The spaced passages 320 can include multiple shapes and have an
open first end 312 and an open second end 314 and are adapted to
receive the compacted pellets 315.
[0056] In this embodiment, the spaced passages 320 include both
large cross-sectional area spaced passages 321 and small
cross-sectional area spaced passages 322 to receive the compacted
pellets 315 of different sizes and different compositions. For
example, pellets including a host organic material can be contained
in the large cross-sectional area spaced passages 321 and pellets
including a dopant organic material can be contained in the small
cross-sectional area spaced passages 322 to support the deposition
of multi-component thin films. Such host and dopant organic
materials will mix upon vaporization and be deposited on a
substrate in the proportions controlled by the cross-sectional area
of the spaced passages 320 and the rate of vaporization.
[0057] The housing 310 can be made of thermally and electrically
insulating or conductive materials such as graphite, quartz,
tantalum, ceramics, and metals. Further, the temperature of the
housing 310 can be controlled using a variety of different methods,
including controlling the temperature source (not shown), using
integrated cooling or heating lines (not shown) to pass liquid or
gaseous fluids through the housing 310 or integrating one or more
heating elements (not shown) in the housing 310.
[0058] The spaced passages 320 are formed so that compacted pellets
315 can be inserted into the open second ends 314 of the spaced
passages 320. In this embodiment, a way of advancing the pellets so
that the top portion of the compacted pellets 315 are in the
vaporization zone 335 includes a plurality of push rods 325. The
push rods 325 are insertable into the open first ends 312 of the
spaced passages 320 and engage the pellets 315 in the spaced
passages 320 in order to adjust the position of the pellets 315 to
compensate for material loss during vaporization in the
vaporization zone 335. The vaporization zone 335 is defined as the
region between the housing 310 and the electrical heater structure
340.
[0059] The compacted pellets 315 are inserted into the spaced
passages 320 and the push rods 325 are inserted into the open first
ends 312 of the spaced passages 320 until the push rods 325 engage
the compacted pellets 315. During vaporization of the compacted
pellets 315 the top portion of the pellets 315 are vaporized in the
vaporization zone 335. The push rods 325 move the compacted pellets
315 through the spaced passages 320 and expose the compacted
pellets 315 to the vaporization zone 335 until the pellets 315 are
completely vaporized. To this end, the push rods 325 are engaged by
a thumb screw assembly 327, which can be manually adjusted to
change the position of the push rods 325.

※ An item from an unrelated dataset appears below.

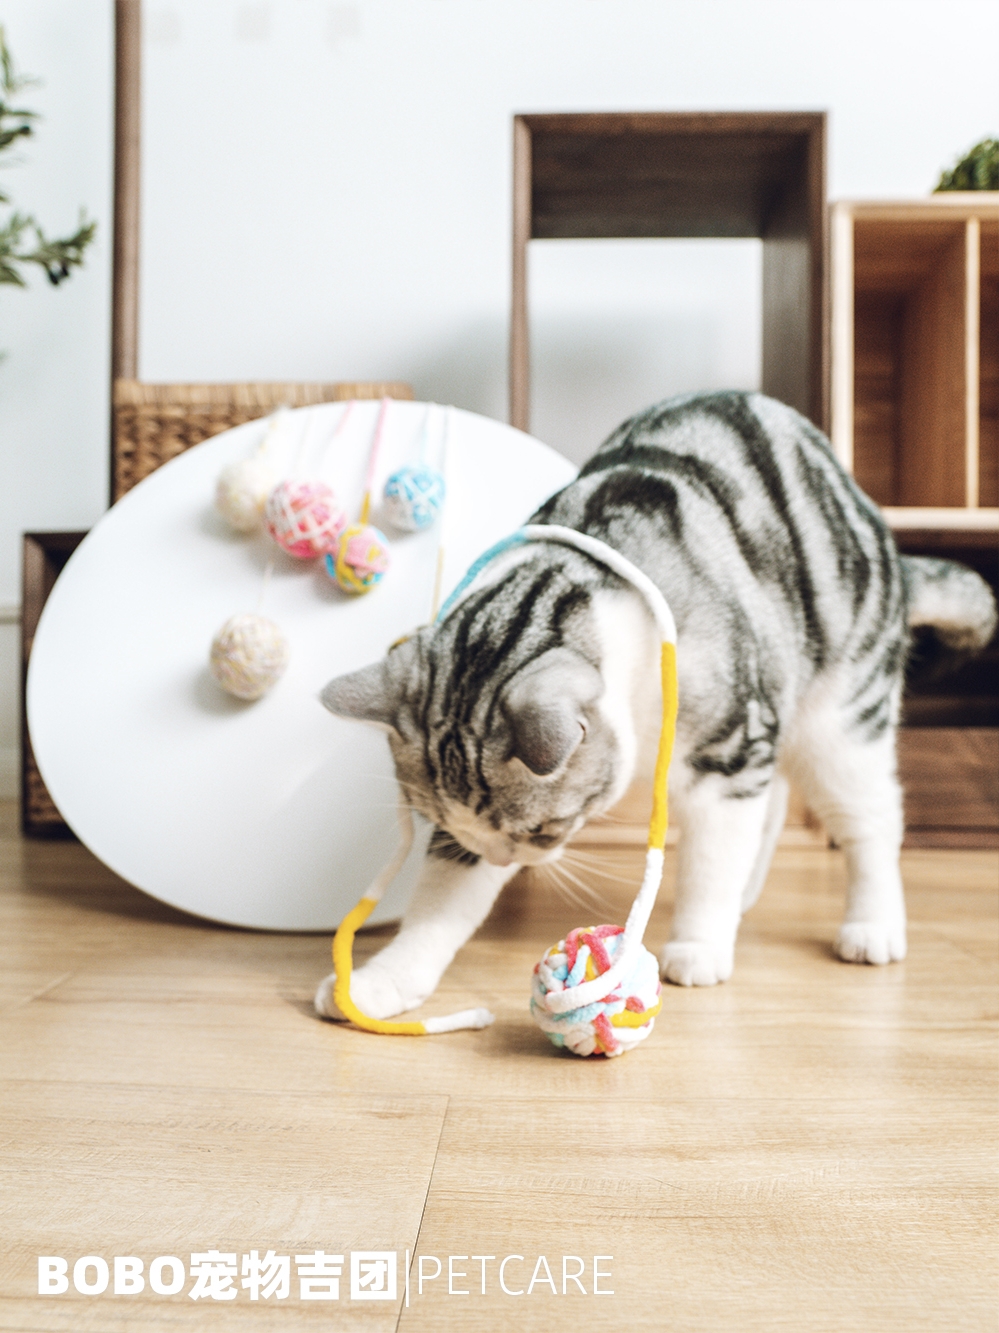 日本多格漫寵物貓玩具球 鈴鐺球逗貓器 逗貓棒 貓抓板 貓咪毛線球玩具 彩虹色 (8.3折)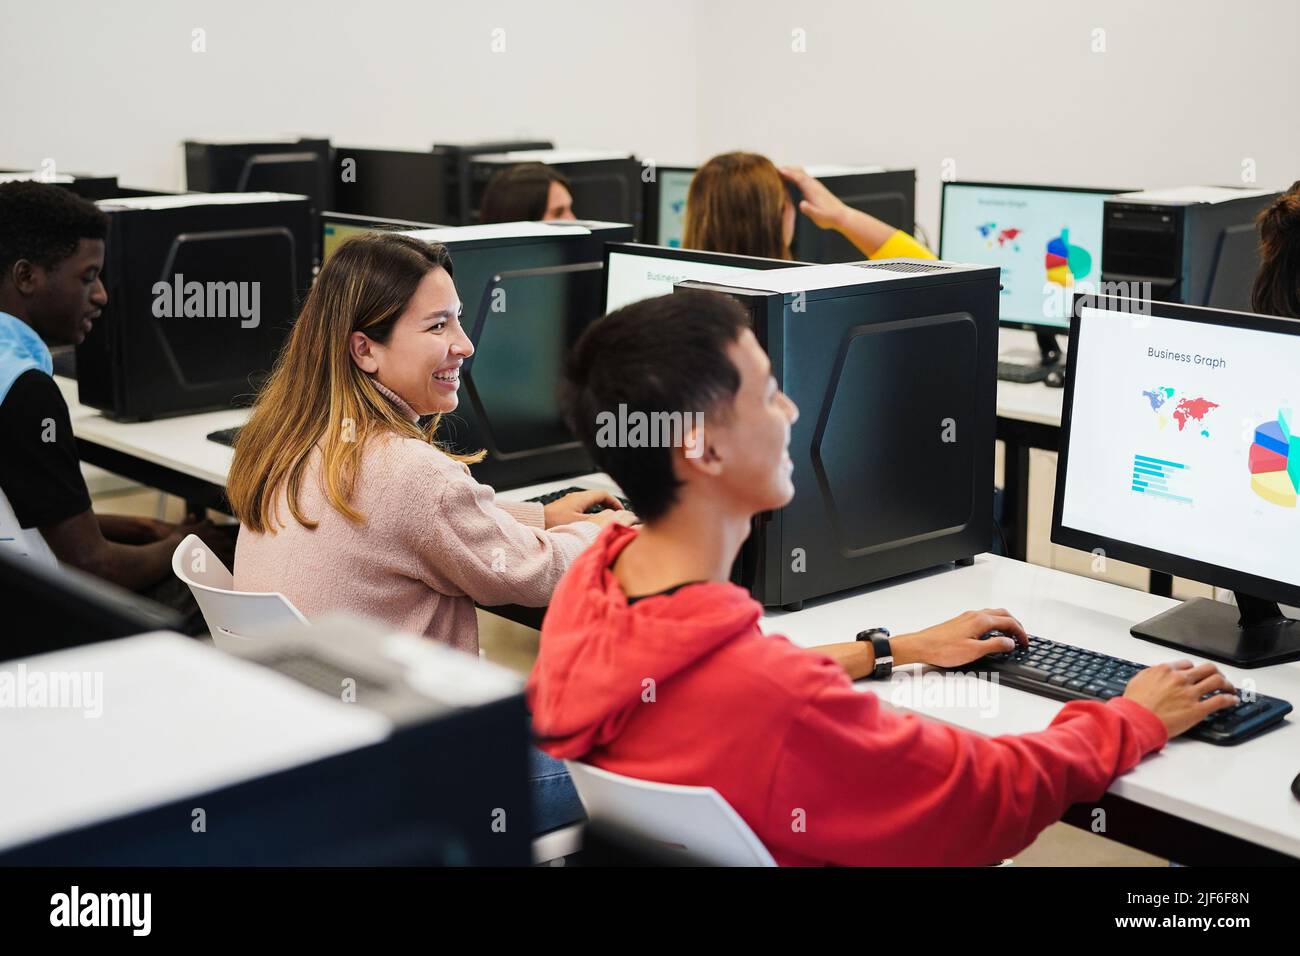 Junge Studenten mit Computern in der Technologie-Klasse im Schulzimmer - Fokus auf Mitte Mädchen Gesicht Stockfoto

[0060] Alternative embodiments can be used to position the push
rods 325 including barreled screws, a common base connected to each
of the push rods 325 being driven by a single screw, a hydraulic or
pneumatic jack pushing all the push rods 325 at the same time, or
an automatic or computer controlled system for operating the
movement of the push rods 325.
[0061] The thermal physical vapor deposition source 300 further
includes a cover plate 330 over the housing 320. The cover plate
330 includes a first plurality of openings 334, each one of the
first plurality of openings 334, corresponding to each one of the
spaced passages 320 of the housing 310. The cover plate 330 can
include thermally conducting and electrically insulating materials
such as alumina, high temperature glass like Pyrex.RTM., silicon
carbide or silicon nitride.
[0062] The thermal physical vapor deposition source 300 further
includes an electrical heater structure 340. In this embodiment,
the electrical heater structure 340 includes an electrically
conductive heater plate 341 disposed over the cover plate 330. The
heater plate 341 includes a second plurality of openings 344, each
one of the second plurality of openings 344 corresponding to the
first plurality of openings 334 of the cover plate 330.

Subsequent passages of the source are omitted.